■ GIVEN MATERIAL
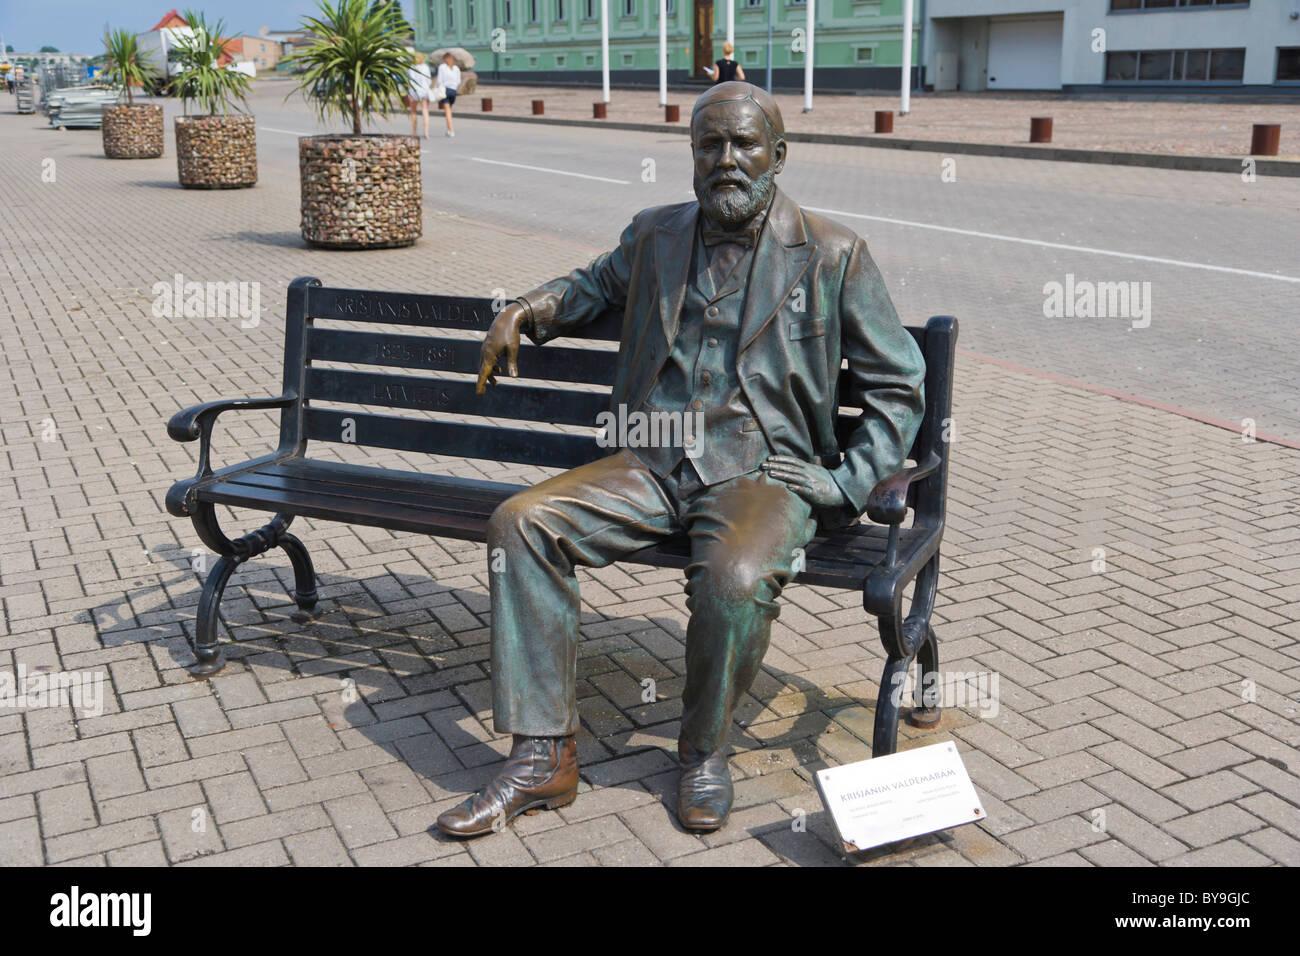 Monument to the Founder of the Latvian Seafaring, Krisjanis Valdemars, sculpture, Spikeru piekraste, Ostas Street - Stock Image
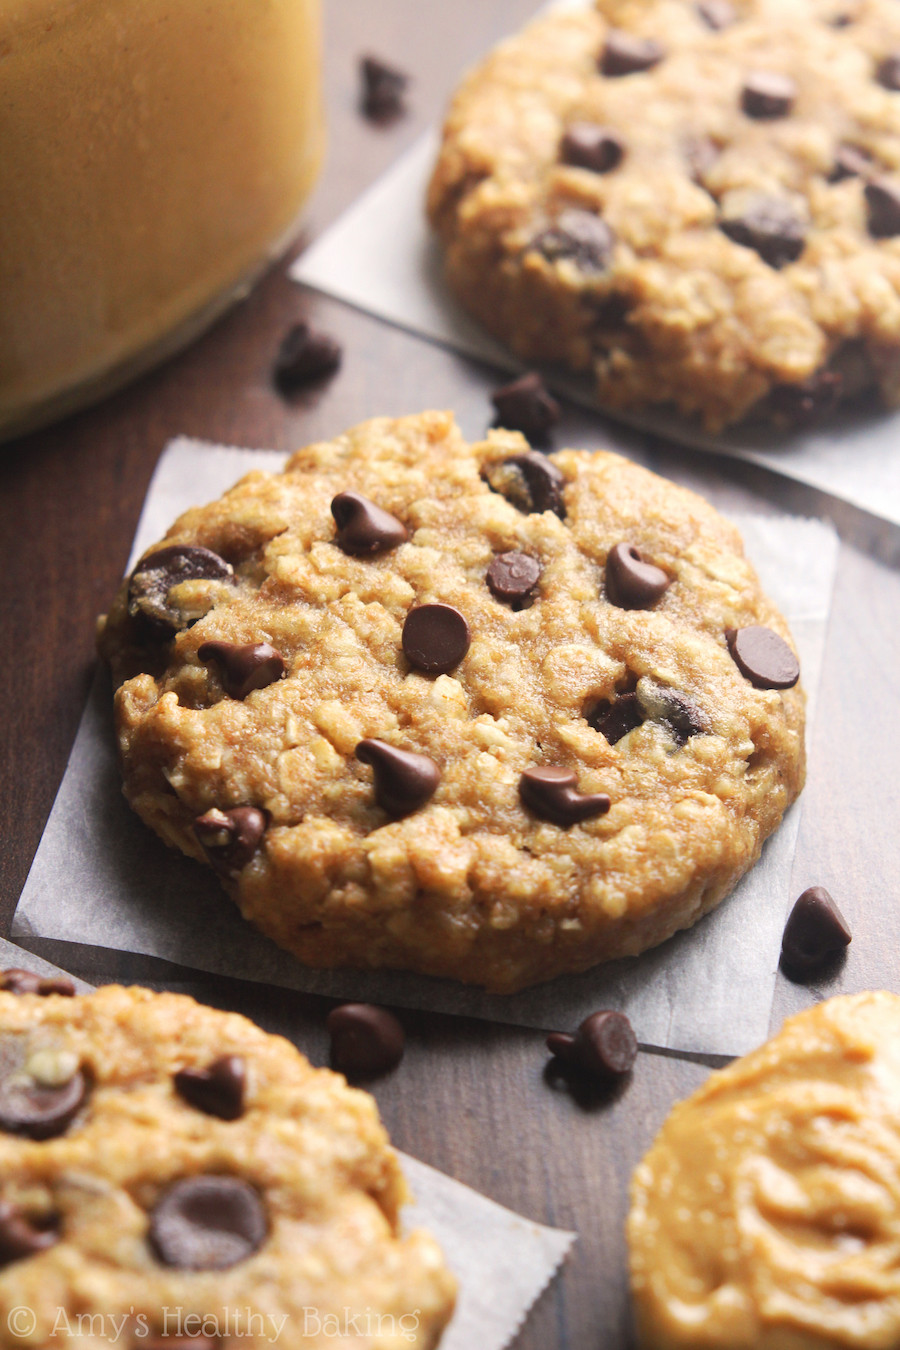 Peanut Butter Oatmeal Cookies Healthy  Chocolate Chip Peanut Butter Oatmeal Cookies Recipe Video
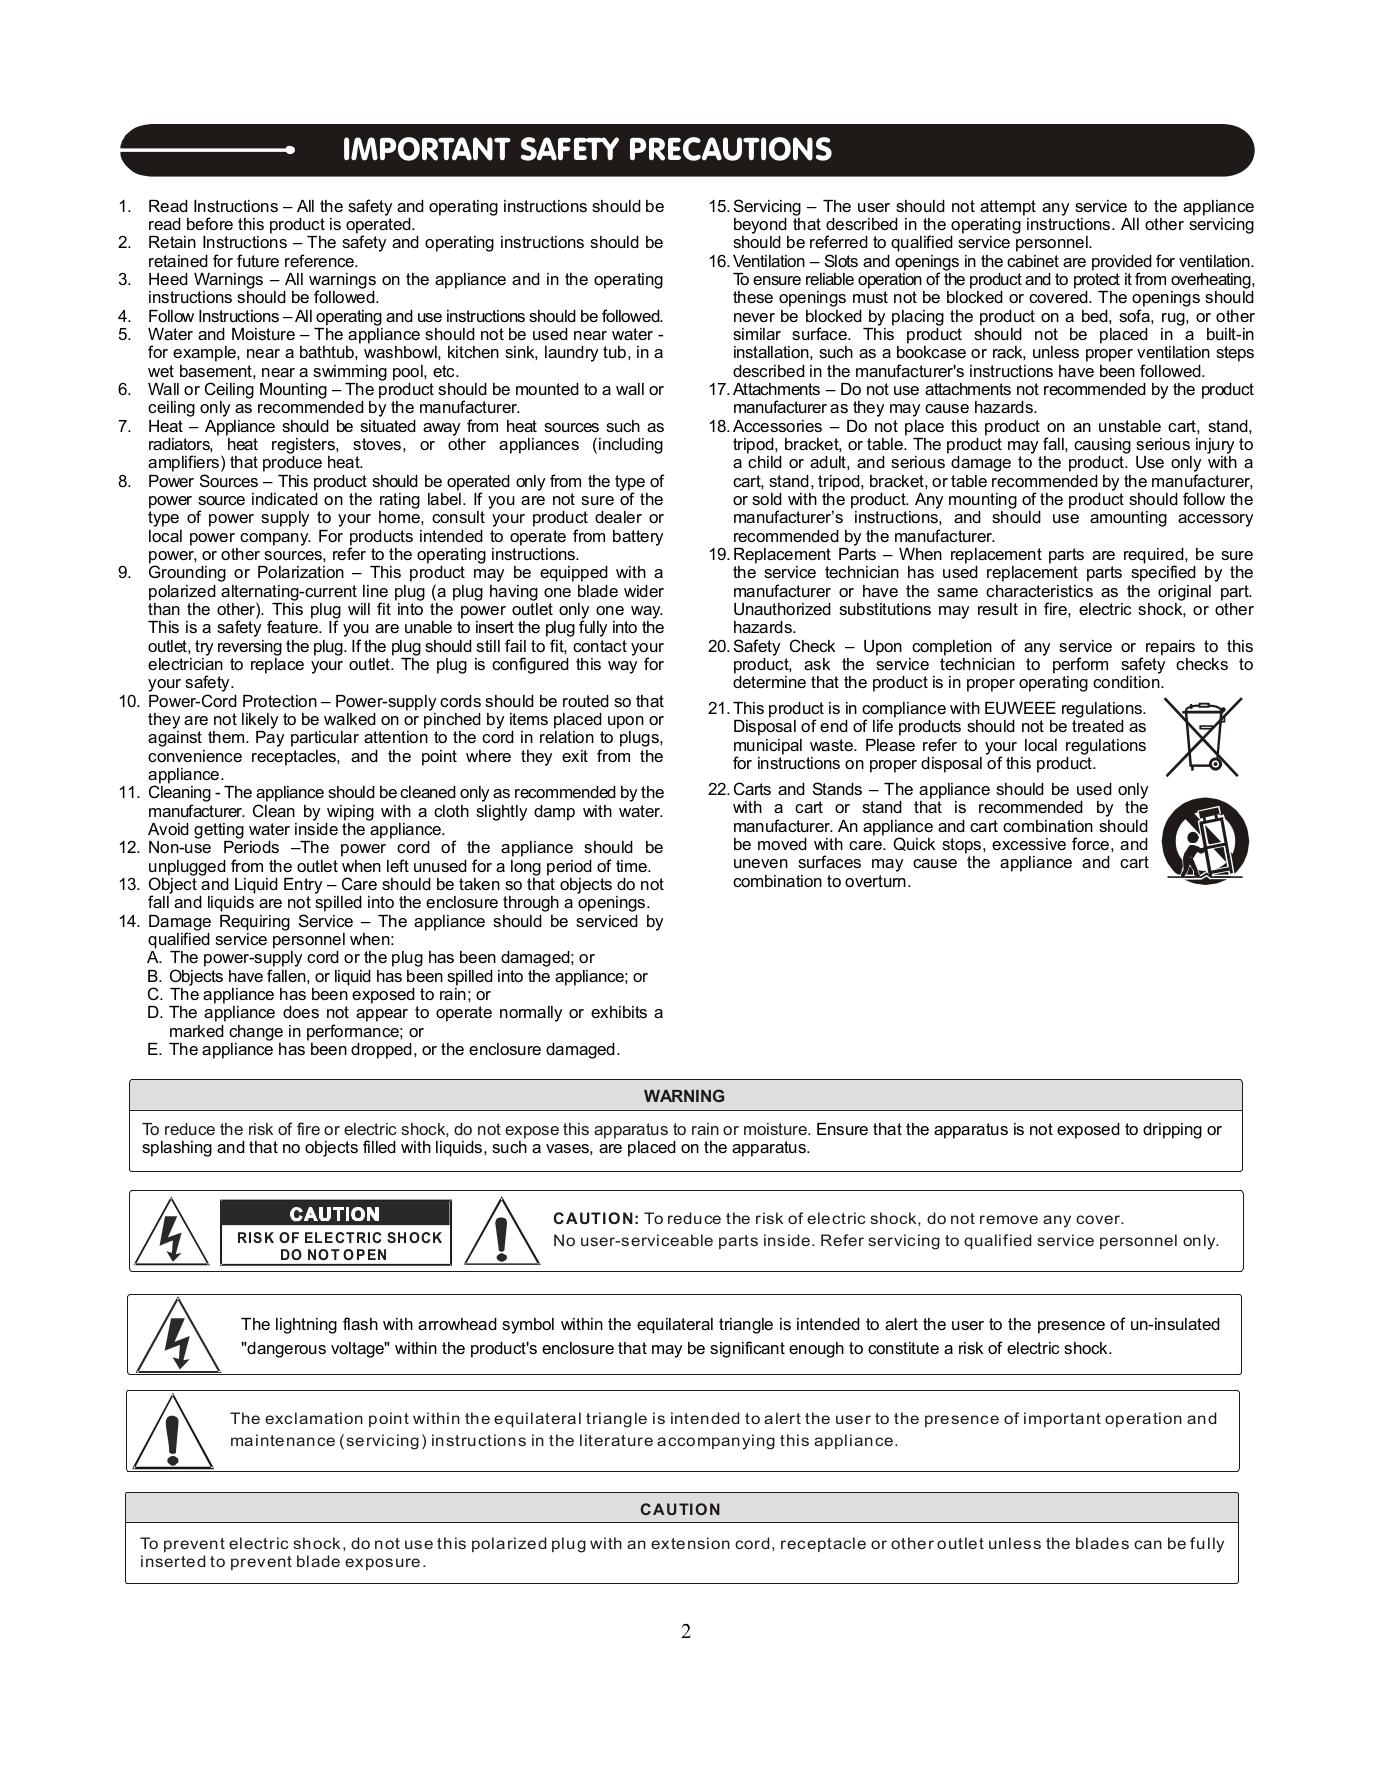 Fantastic Electrical Ic Symbols Pdf Illustration - Electrical and ...
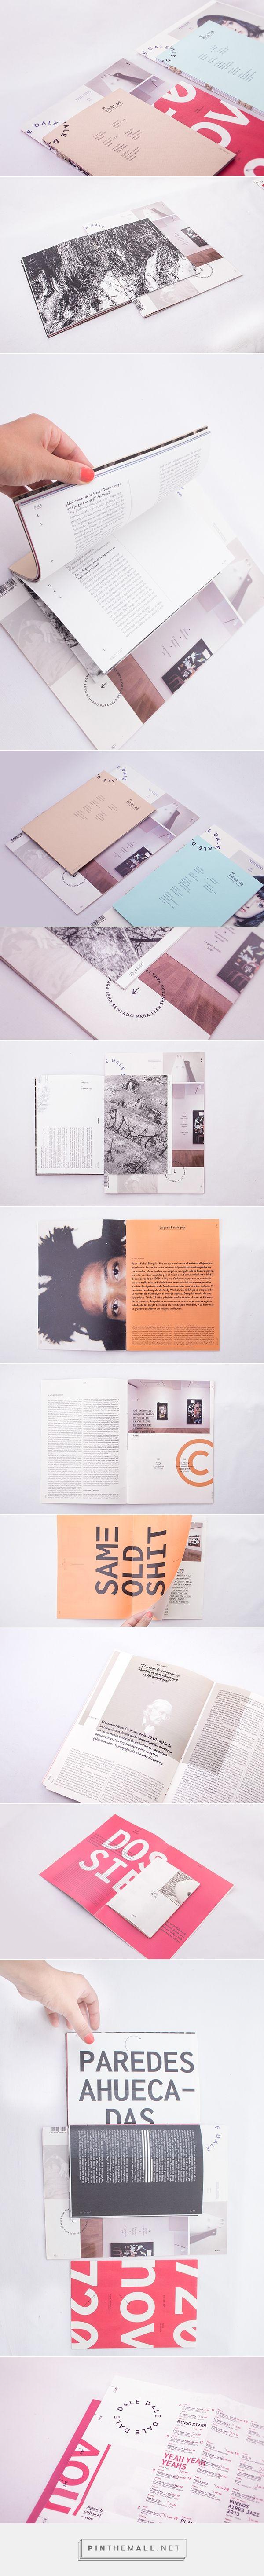 DALE n.01 mag / by Florencia Baldini

■ PROBLEM
The data is to be printed again exactly, but without its pictures.

■ ANSWER FOR THIS EXERCISE
 Monument to the Founder of the Latvian Seafaring, Krisjanis Valdemars, sculpture, Spikeru piekraste, Ostas Street - Stock Image
 Peanut Butter Oatmeal Cookies Healthy  Chocolate Chip Peanut Butter Oatmeal Cookies Recipe Video
 Fantastic Electrical Ic Symbols Pdf Illustration - Electrical and ...
 DALE n.01 mag / by Florencia Baldini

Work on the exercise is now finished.